By analyzing existing cross correlation between Growthpoint Properties and Resilient Property Income, you can compare the effects of market volatilities on Growthpoint Properties and Resilient Property and check how they will diversify away market risk if combined in the same portfolio for a given time horizon. You can also utilize pair trading strategies of matching a long position in Growthpoint Properties with a short position of Resilient Property. Check out your portfolio center. Please also check ongoing floating volatility patterns of Growthpoint Properties and Resilient Property.

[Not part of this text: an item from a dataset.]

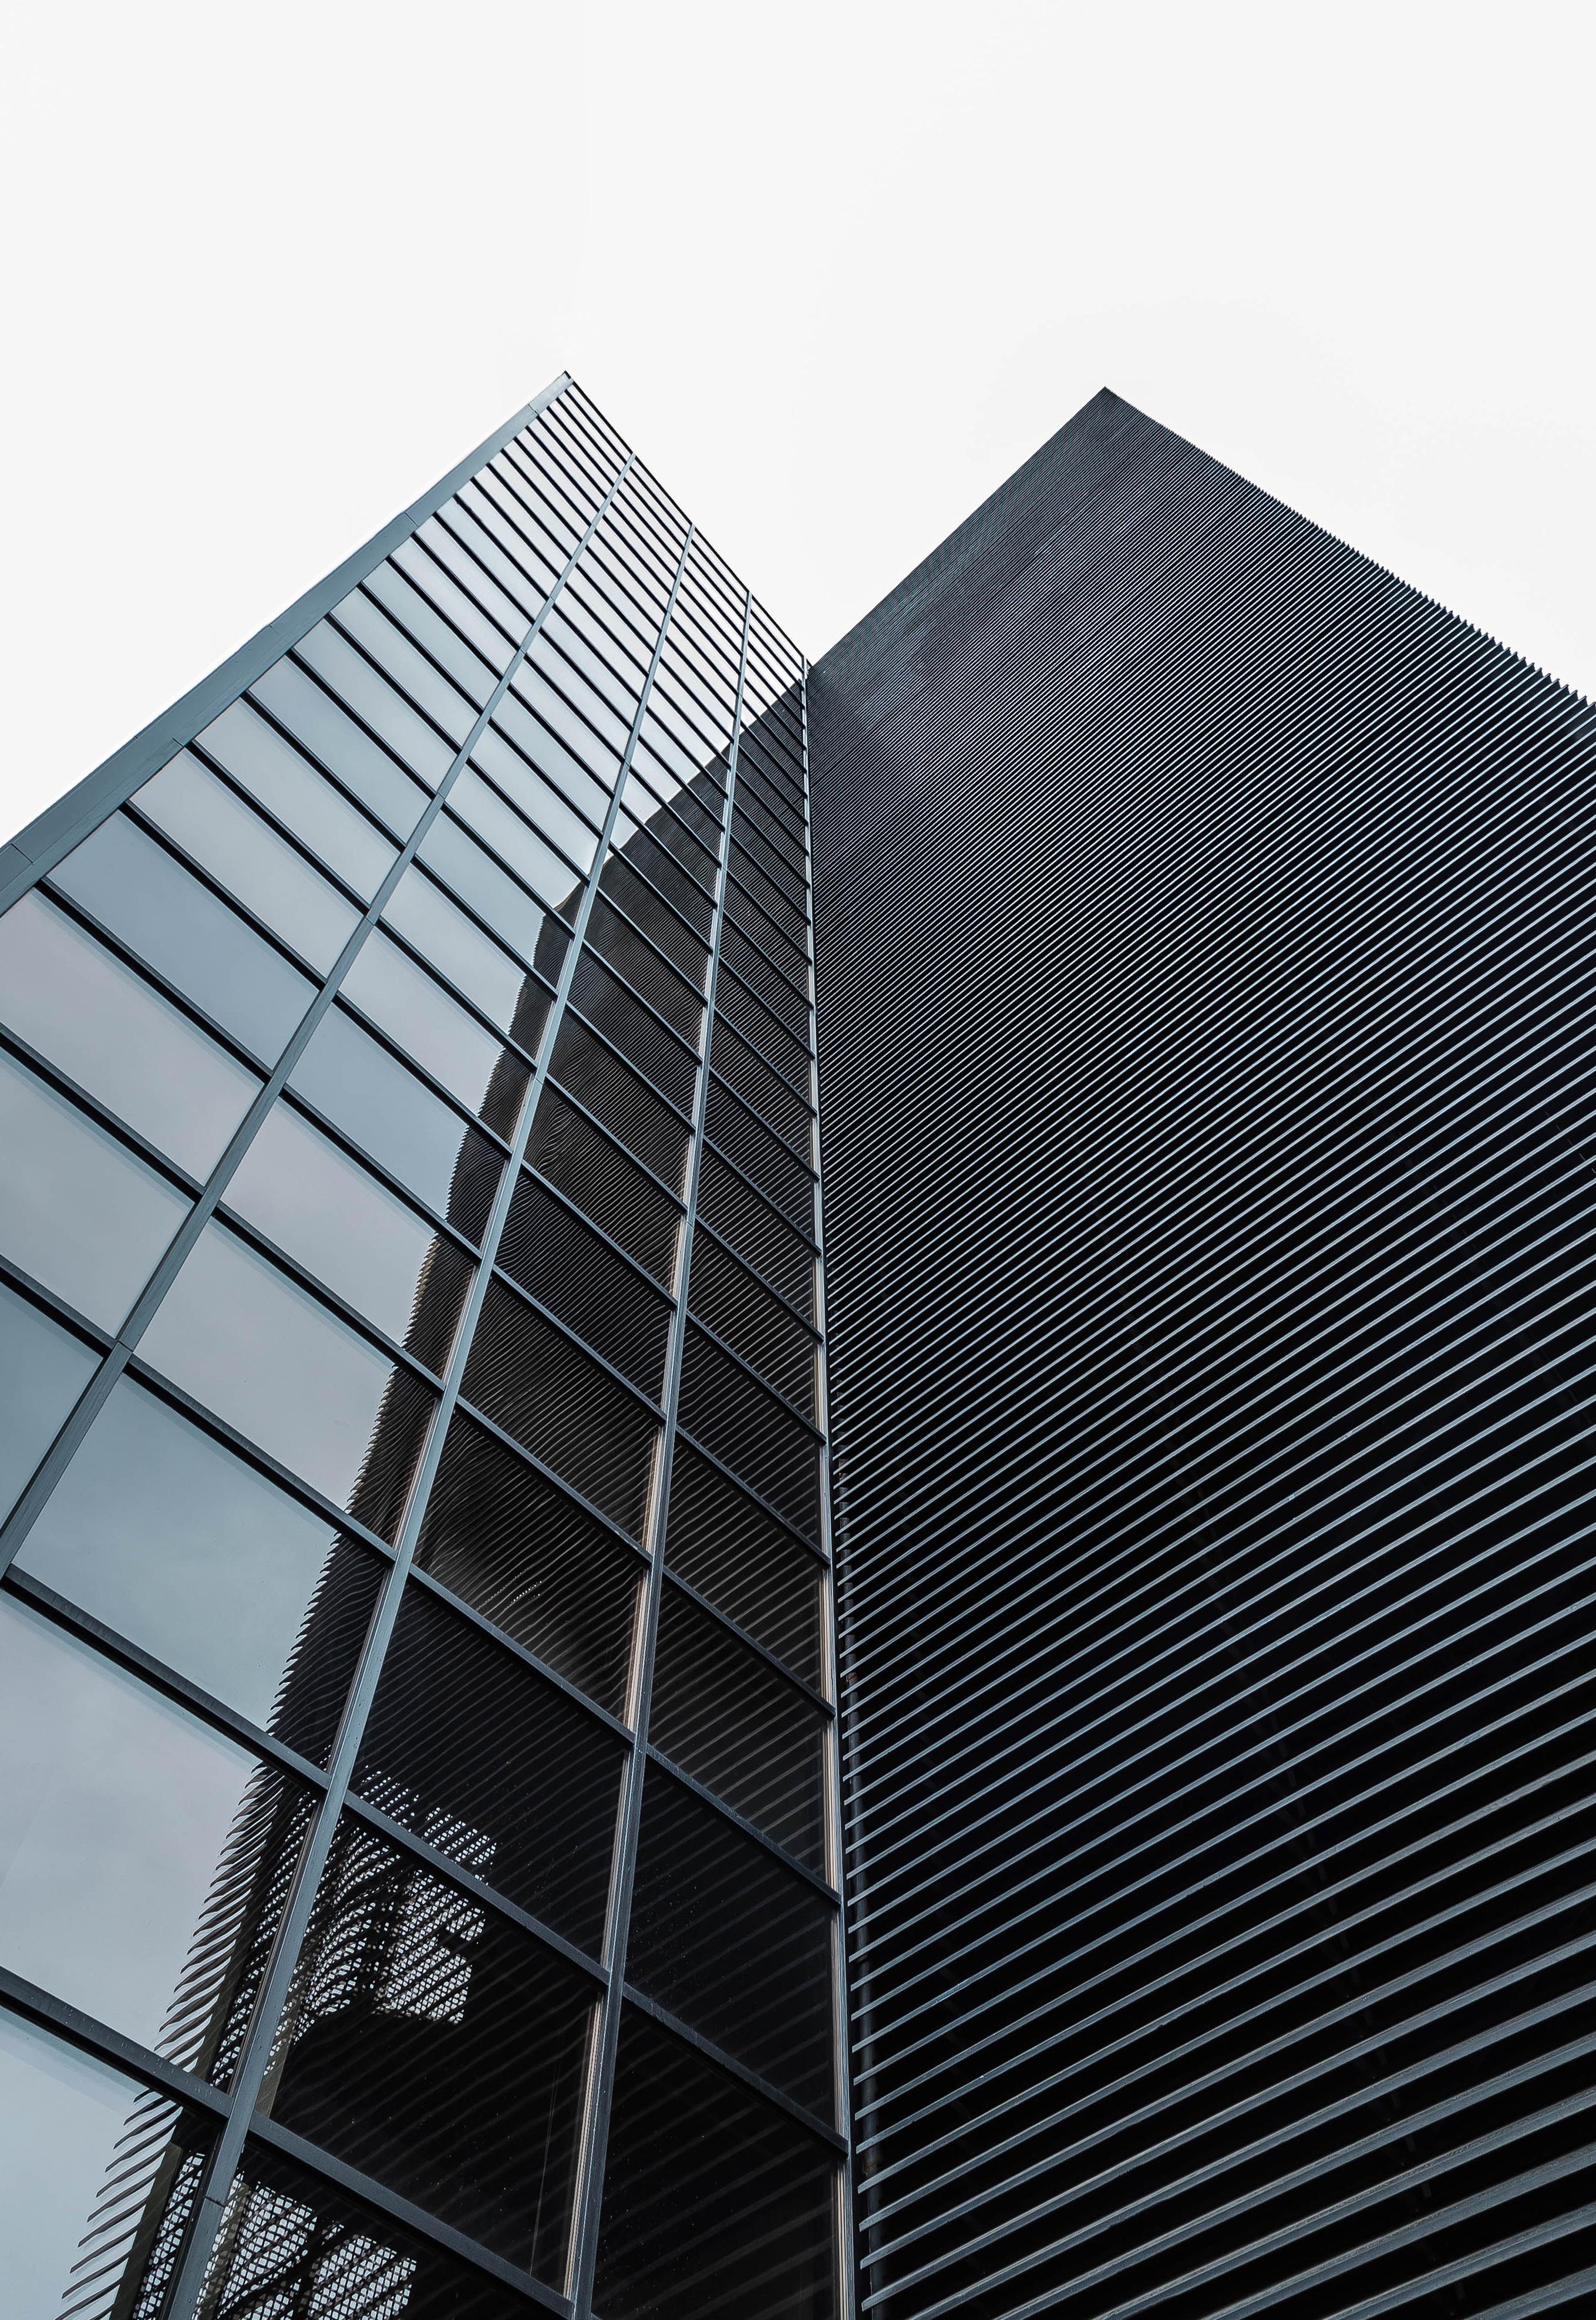 Fotos gratis arquitectura techo edificio rascacielos for Arquitectura en linea gratis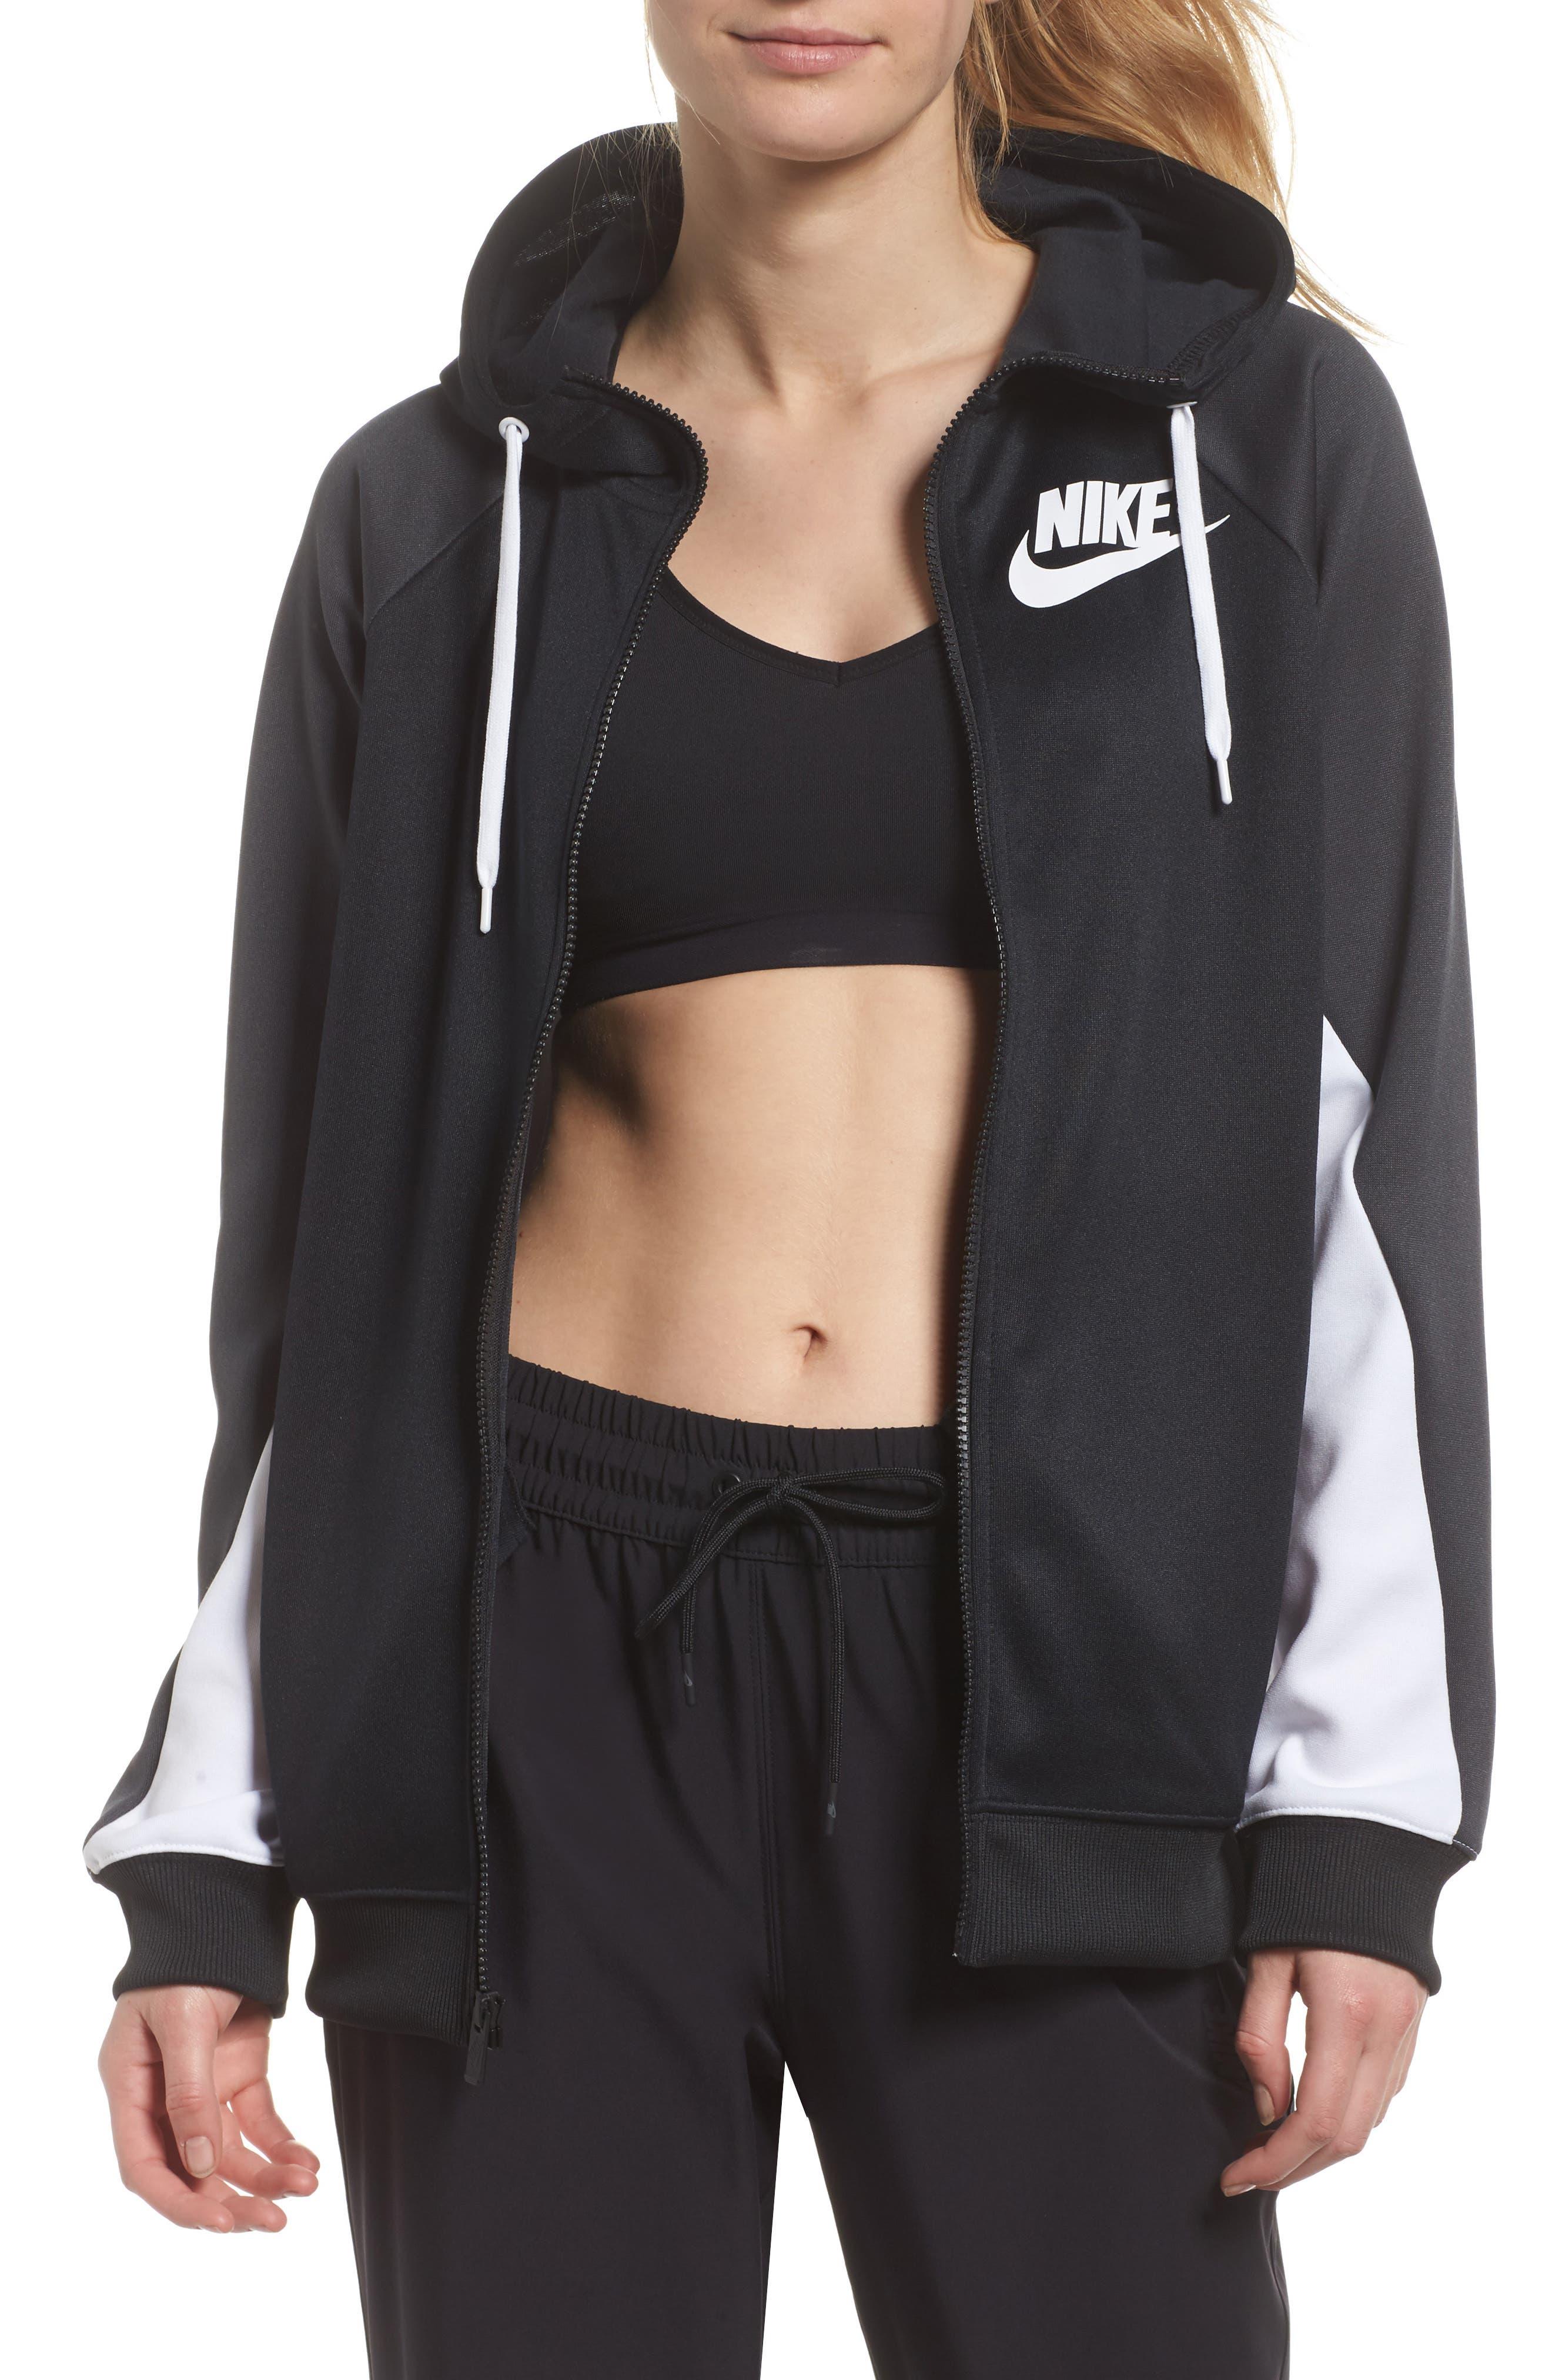 Sportswear Women's Zip Hoodie,                             Alternate thumbnail 2, color,                             010

Diversification Opportunities for Growthpoint Properties and Resilient Property

0.48
  Correlation Coefficient

Very weak diversification

The 3 months correlation between Growthpoint and Resilient is 0.48. Overlapping area represents the amount of risk that can be diversified away by holding Growthpoint Properties and Resilient Property Income in the same portfolio, assuming nothing else is changed. The correlation between historical prices or returns on Resilient Property Income and Growthpoint Properties is a relative statistical measure of the degree to which these equity instruments tend to move together. The correlation coefficient measures the extent to which returns on Growthpoint Properties are associated (or correlated) with Resilient Property. Values of the correlation coefficient range from -1 to +1, where. The correlation of zero (0) is possible when the price movement of Resilient Property Income has no effect on the direction of Growthpoint Properties i.e., Growthpoint Properties and Resilient Property go up and down completely randomly.

Pair Corralation between Growthpoint Properties and Resilient Property

Assuming the 90 days trading horizon Growthpoint Properties is expected to generate 7.61 times less return on investment than Resilient Property. In addition to that, Growthpoint Properties is 1.17 times more volatile than Resilient Property Income. It trades about 0.04 of its total potential returns per unit of risk. Resilient Property Income is currently generating about 0.39 per unit of volatility. If you would invest  565,500  in Resilient Property Income on September 12, 2024 and sell it today you would earn a total of  45,000  from holding Resilient Property Income or generate 7.96% return on investment over 90 days.
Time Period3 Months [change]
DirectionMoves Together 
StrengthWeak
Accuracy100.0%
ValuesDaily Returns

Growthpoint Properties  vs.  Resilient Property Income

 Performance 
       Timeline  
Growthpoint Properties 

Risk-Adjusted Performance

0 of 100

 
Weak
 
Strong
Very Weak
Over the last 90 days Growthpoint Properties has generated negative risk-adjusted returns adding no value to investors with long positions. In spite of rather sound technical and fundamental indicators, Growthpoint Properties is not utilizing all of its potentials. The latest stock price tumult, may contribute to shorter-term losses for the shareholders.
Resilient Property Income 

Risk-Adjusted Performance

5 of 100

 
Weak
 
Strong
Insignificant
Compared to the overall equity markets, risk-adjusted returns on investments in Resilient Property Income are ranked lower than 5 (%) of all global equities and portfolios over the last 90 days. In spite of rather sound technical and fundamental indicators, Resilient Property is not utilizing all of its potentials. The latest stock price tumult, may contribute to shorter-term losses for the shareholders.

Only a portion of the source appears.